Examples Of Interpretive Disagreements

Examples Of Interpretive Disagreements

It is assumed that any serious or actual theoretical disagreement is a reasonable philosophical disagreement over what is considered law or on the methods of interpretation that are acceptable and most appropriate, both in general and in certain institutional circumstances. The question is what makes the different traditional positivist and non-positivist positions acceptable in the discourse. Our answer is that different theories can only have a legitimate position in theoretical differences of opinion if they deal with the same evidence or the same evidence using common scientific methodological standards. Footnote 14 It is a fact that there is an equality of evidence and oversight between traditional law positivists and non-positivists and that it is recognized by both parties as epistemic Peers.

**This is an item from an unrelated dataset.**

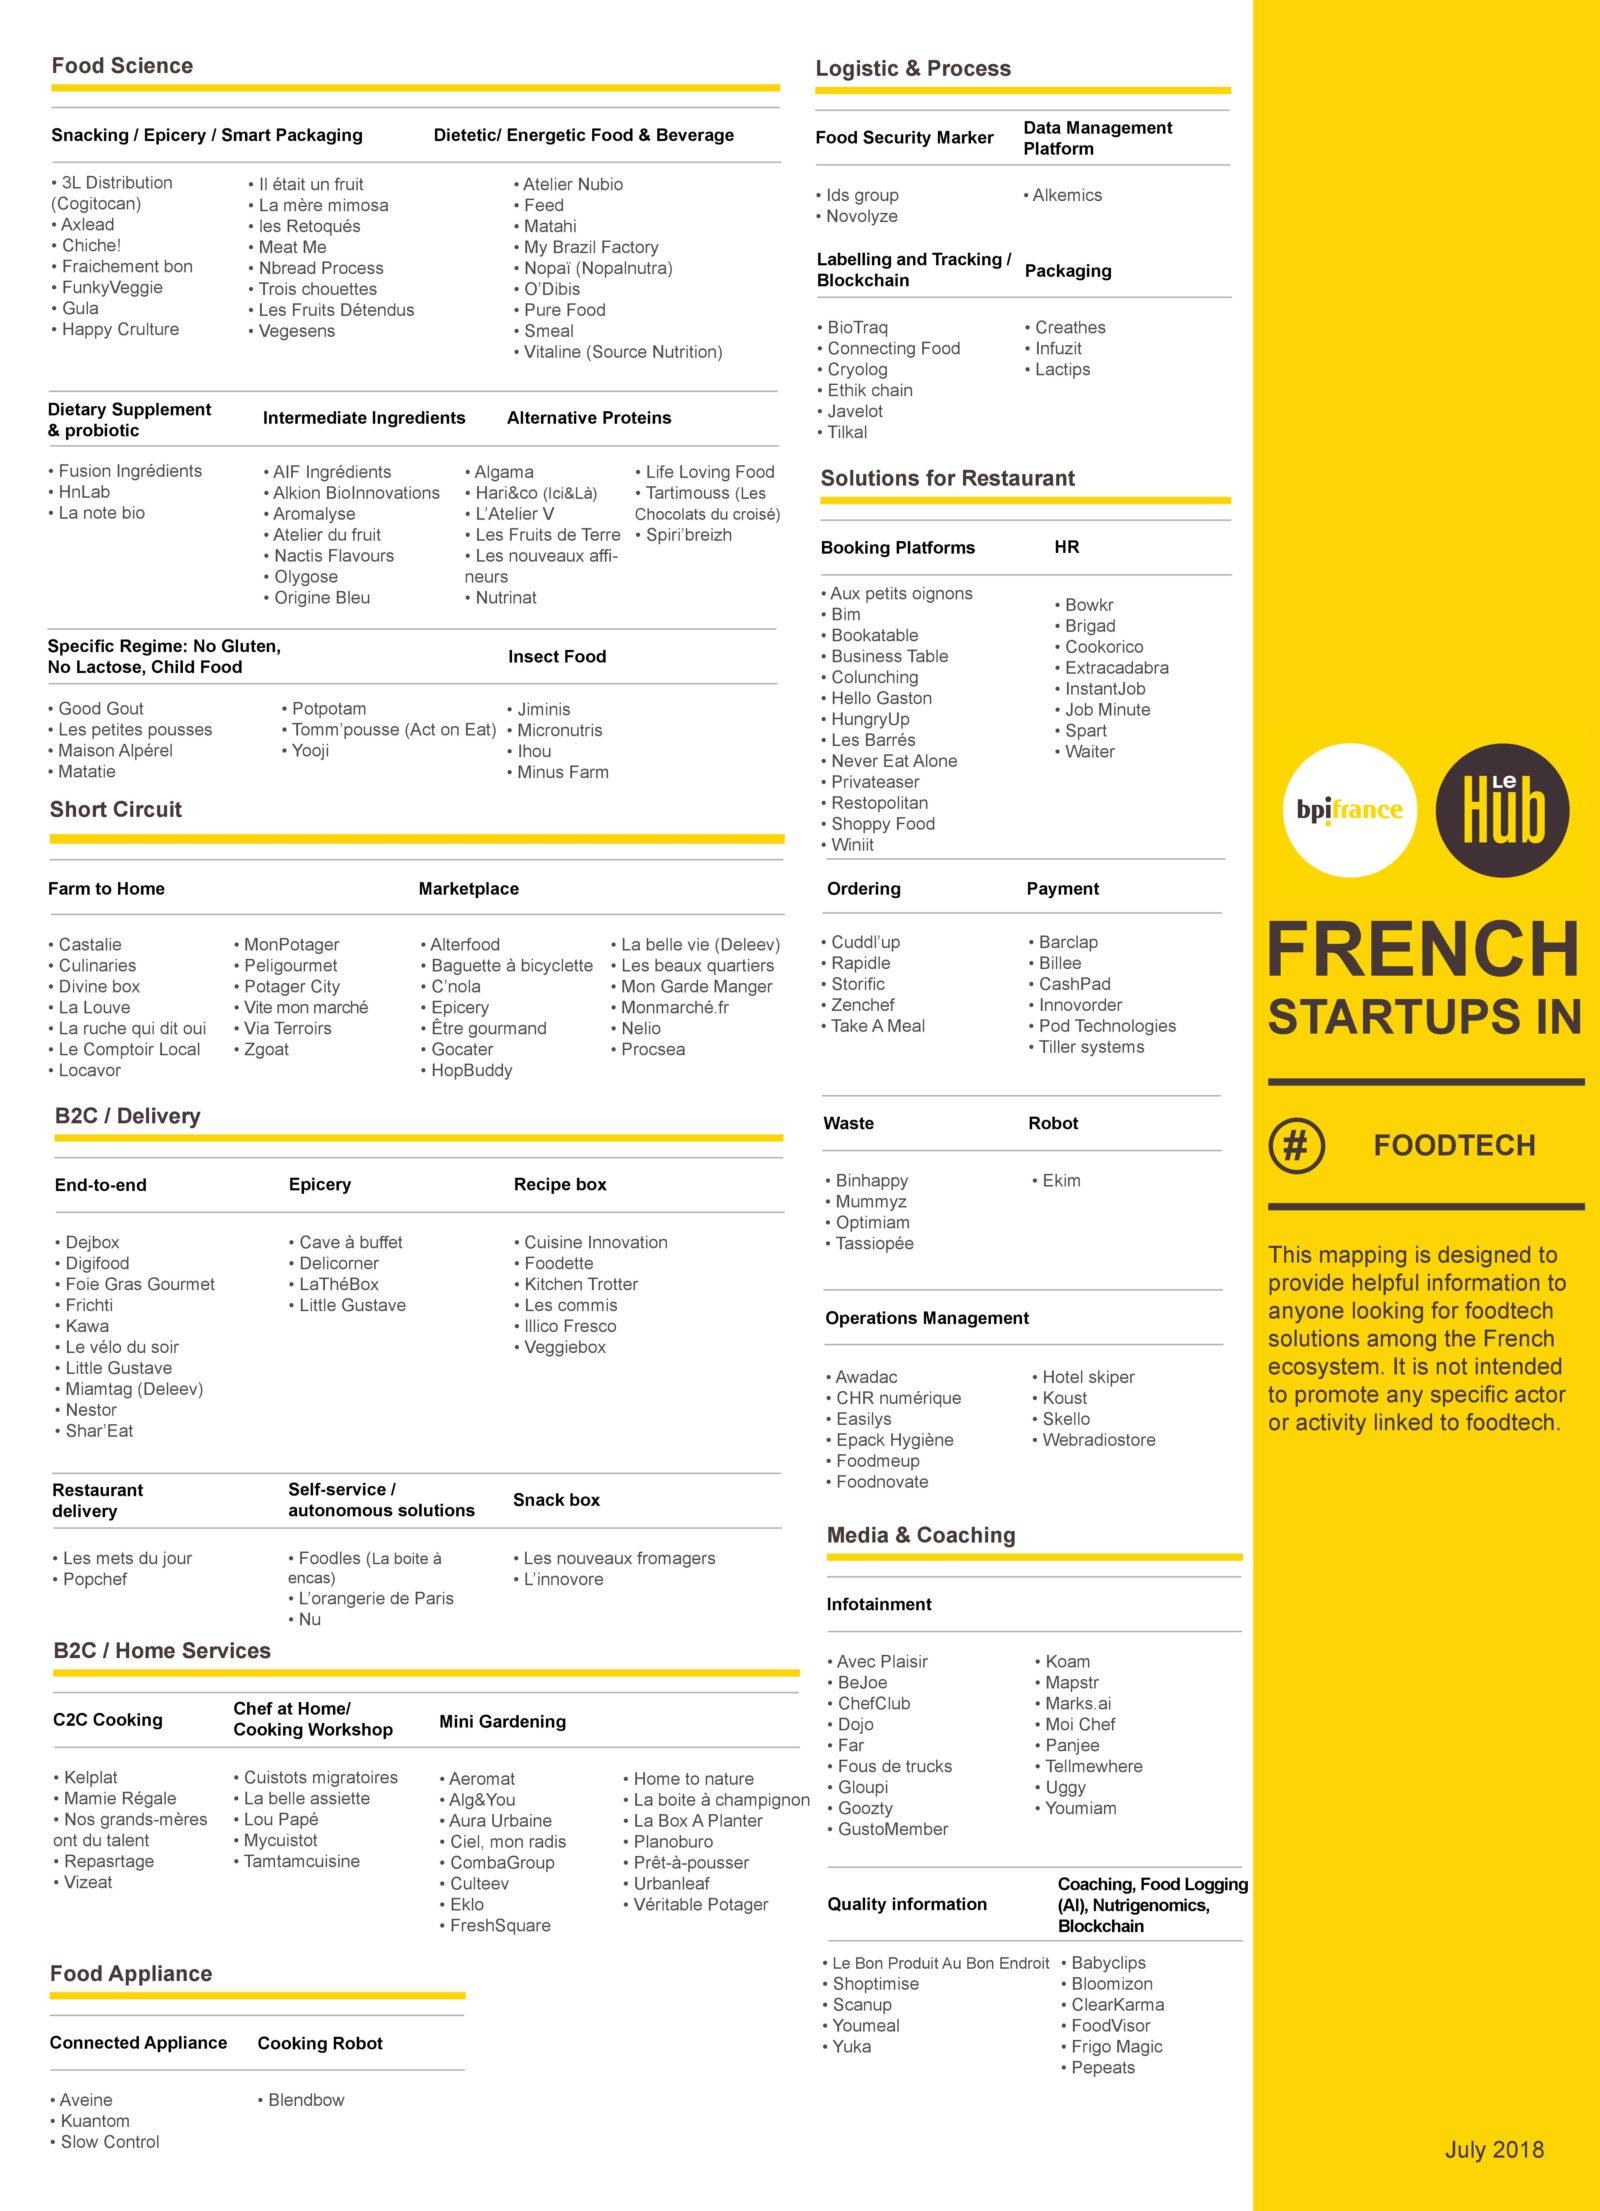 mapping foodtech bpifrancelehub V3 1600x2211 - Panorama de la Foodtech française par BPI FRANCE - LE HUB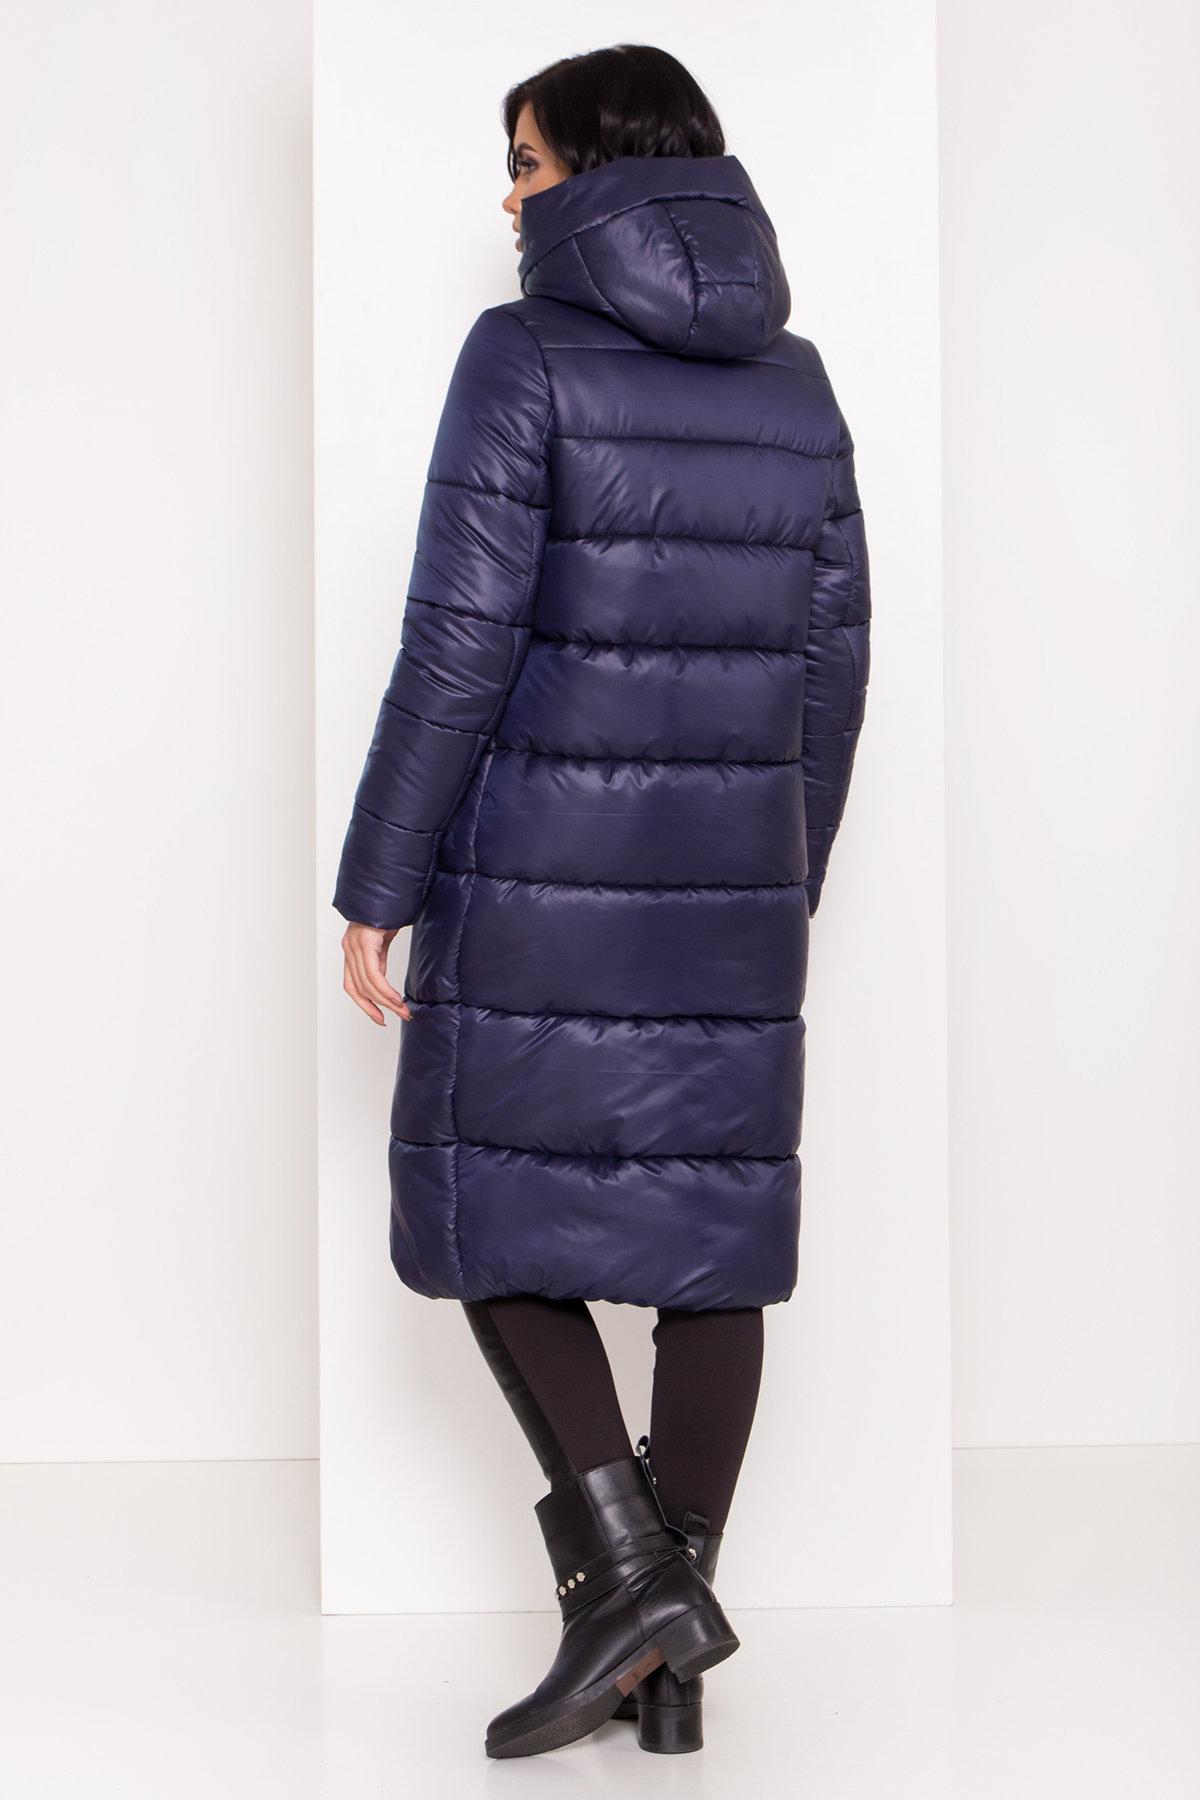 Длинная зимняя куртка-пуховик Сигма 8040 АРТ. 43989 Цвет: Т.синий - фото 2, интернет магазин tm-modus.ru

In the dispute between positivists and non-positivists, there is only partial agreement on several sources of law. Positivists accept social sources as sufficient evidence; The Dworkineans feel that they are insufficient. In addition, positivists believe that additional theoretical evidence relied upon by their opponents is inappropriate. However, this does not prevent all parties from getting involved in a reasonable debate. 55Drivement, in terms of interpretation, we cannot avoid the problem by saying that there is convergence in the sources.

A degree of agreement is required for the law to fulfil its function as a driving guide and make the recognition rule useful. These differences are also marginal and, if they were important, we doubt that it is a legal system. In any case, the recognition of the existence of interpretive instruments does not mean that everything is controversial: there is a broad consensus on the number of cases to be resolved.43 It is only recently that positivists have agreed that the phenomenon of theoretical divergences represents a serious challenge for the traditional positivist image [11, 17, 18, 51,52.53]. Dworkin`s assertion that theoretical differences are the most important feature of legal practice is the result of his holistic and pragmatic approach [9:160]. The central role of these differences is also related to their philosophical and practical dimension. Footnote 9 However, Dworkinean`s approach to differences of opinion is somewhat paradoxical, for the mere existence of such differences, which for him are genuine differences of opinion, may indicate that the law knows no limits or, at the very least, that the limits of the law are as far apart as the scope of those differences.